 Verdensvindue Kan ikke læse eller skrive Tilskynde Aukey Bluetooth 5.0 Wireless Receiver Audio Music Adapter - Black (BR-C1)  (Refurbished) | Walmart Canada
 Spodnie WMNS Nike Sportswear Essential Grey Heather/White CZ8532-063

=======

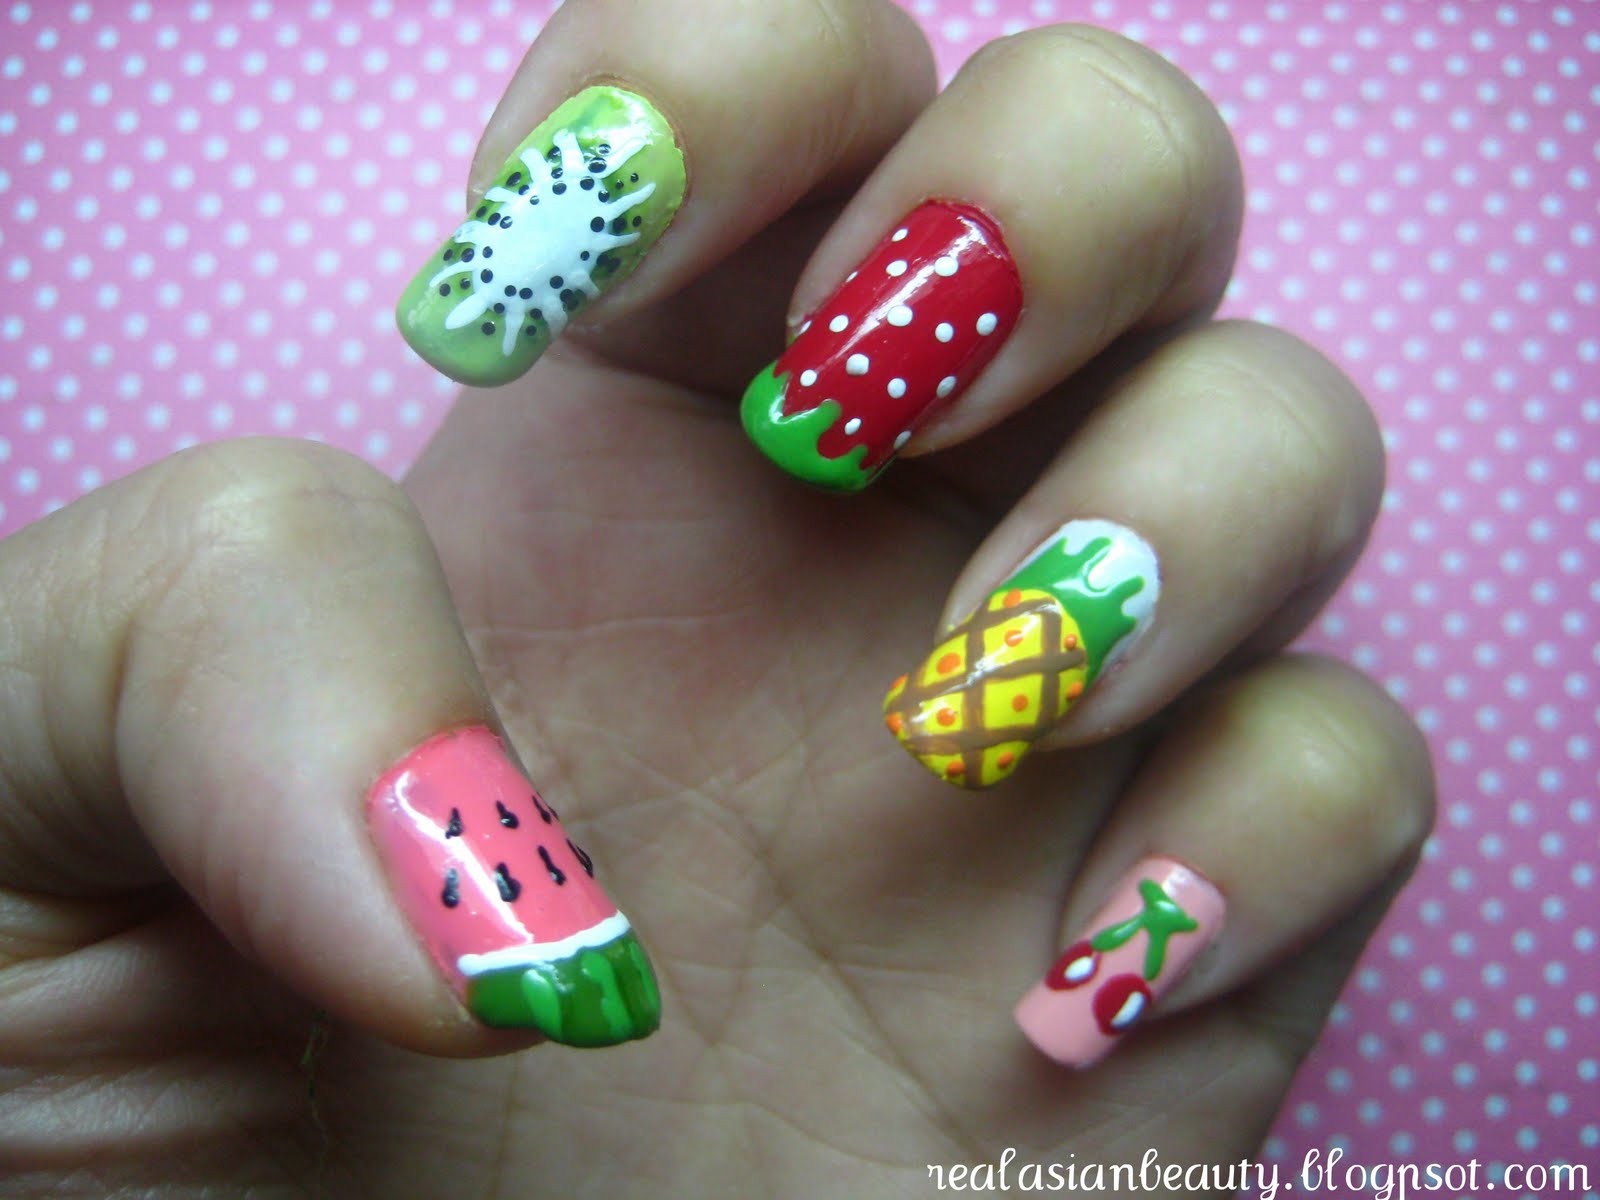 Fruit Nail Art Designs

=======

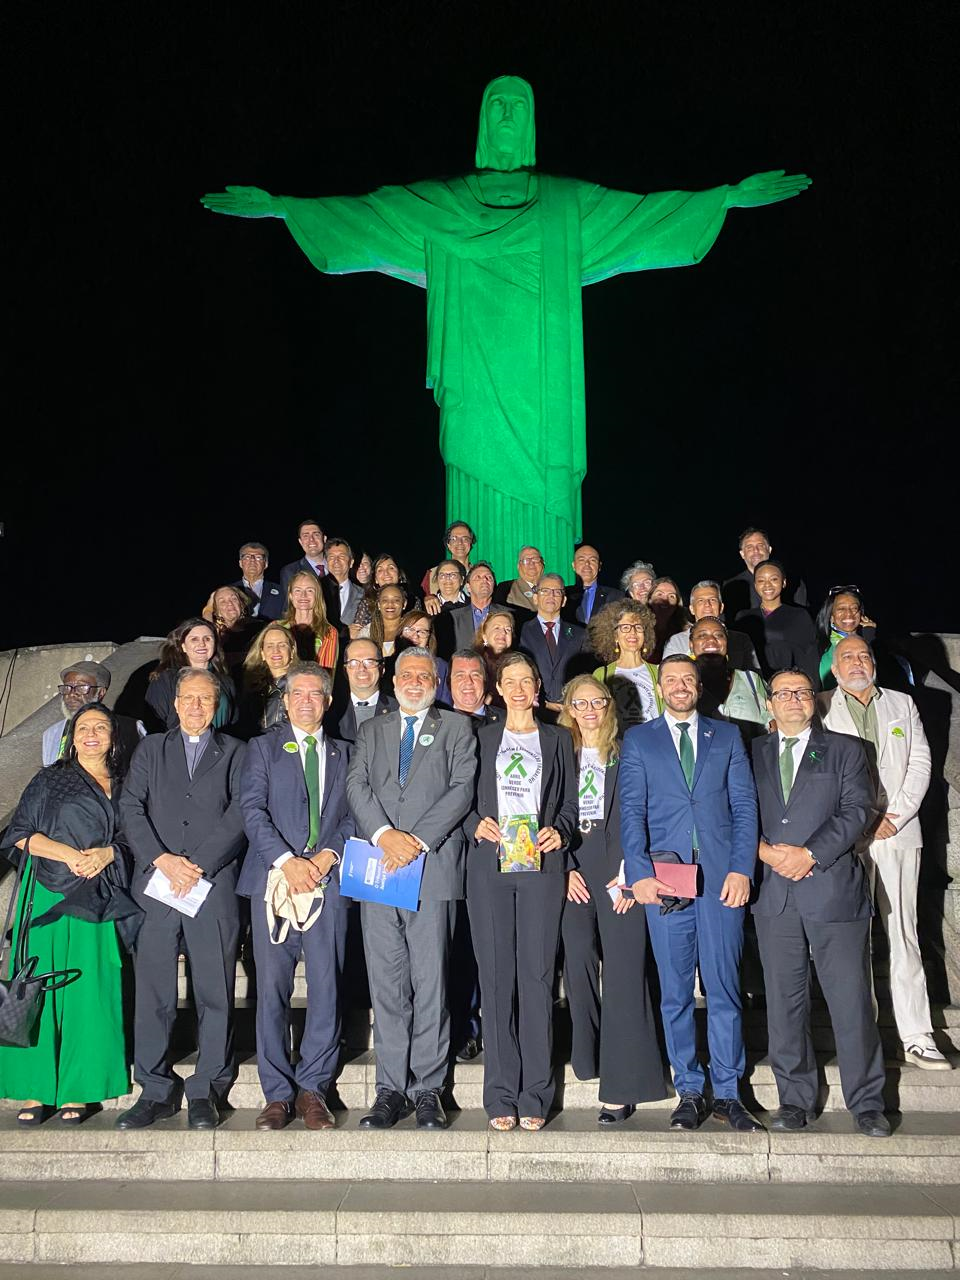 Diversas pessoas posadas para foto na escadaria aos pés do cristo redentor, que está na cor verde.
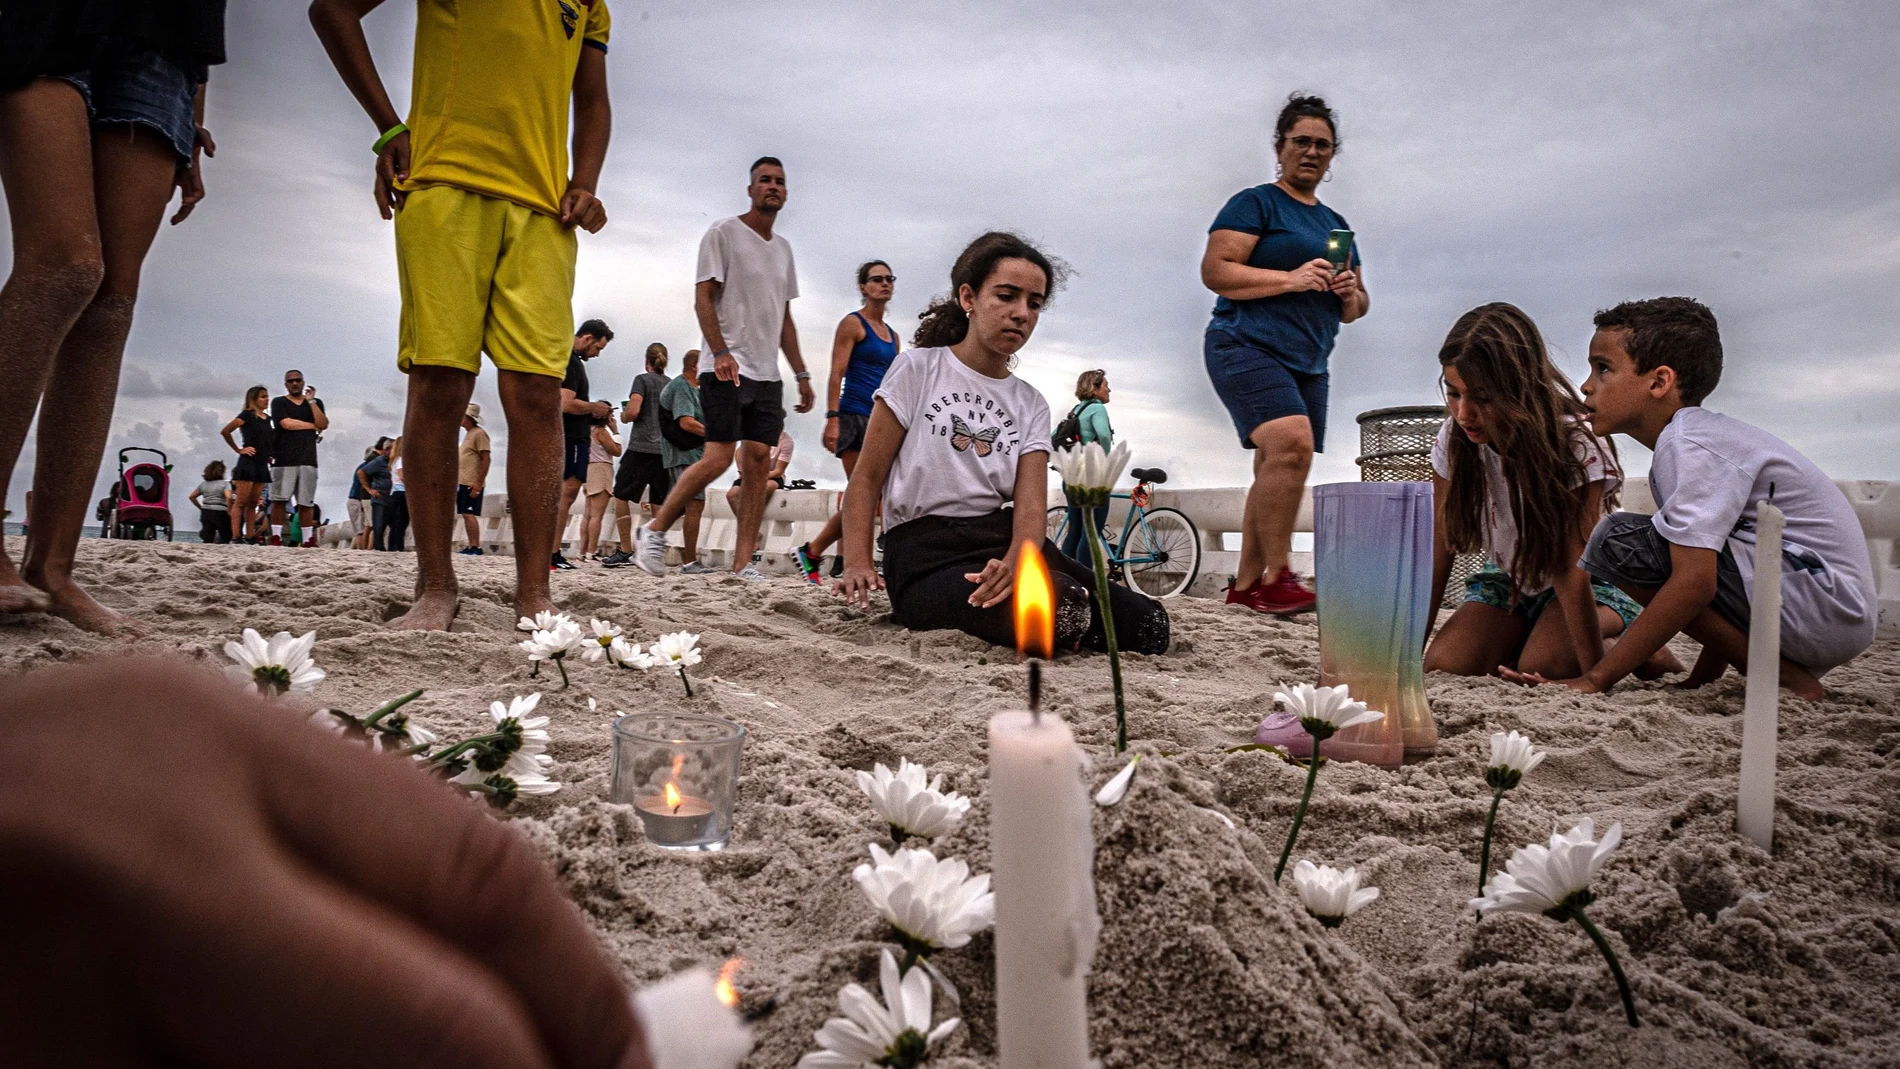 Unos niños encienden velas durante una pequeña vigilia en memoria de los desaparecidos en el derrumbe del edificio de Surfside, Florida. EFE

=======

### Problem details
All lines in the listing above between the line with "Verdensvindue Kan ikke" and the line with "Spodnie WMNS Nike", inclusive, should be set down exactly, and no line outside that range.

### Written reply
 Verdensvindue Kan ikke læse eller skrive Tilskynde Aukey Bluetooth 5.0 Wireless Receiver Audio Music Adapter - Black (BR-C1)  (Refurbished) | Walmart Canada
 Spodnie WMNS Nike Sportswear Essential Grey Heather/White CZ8532-063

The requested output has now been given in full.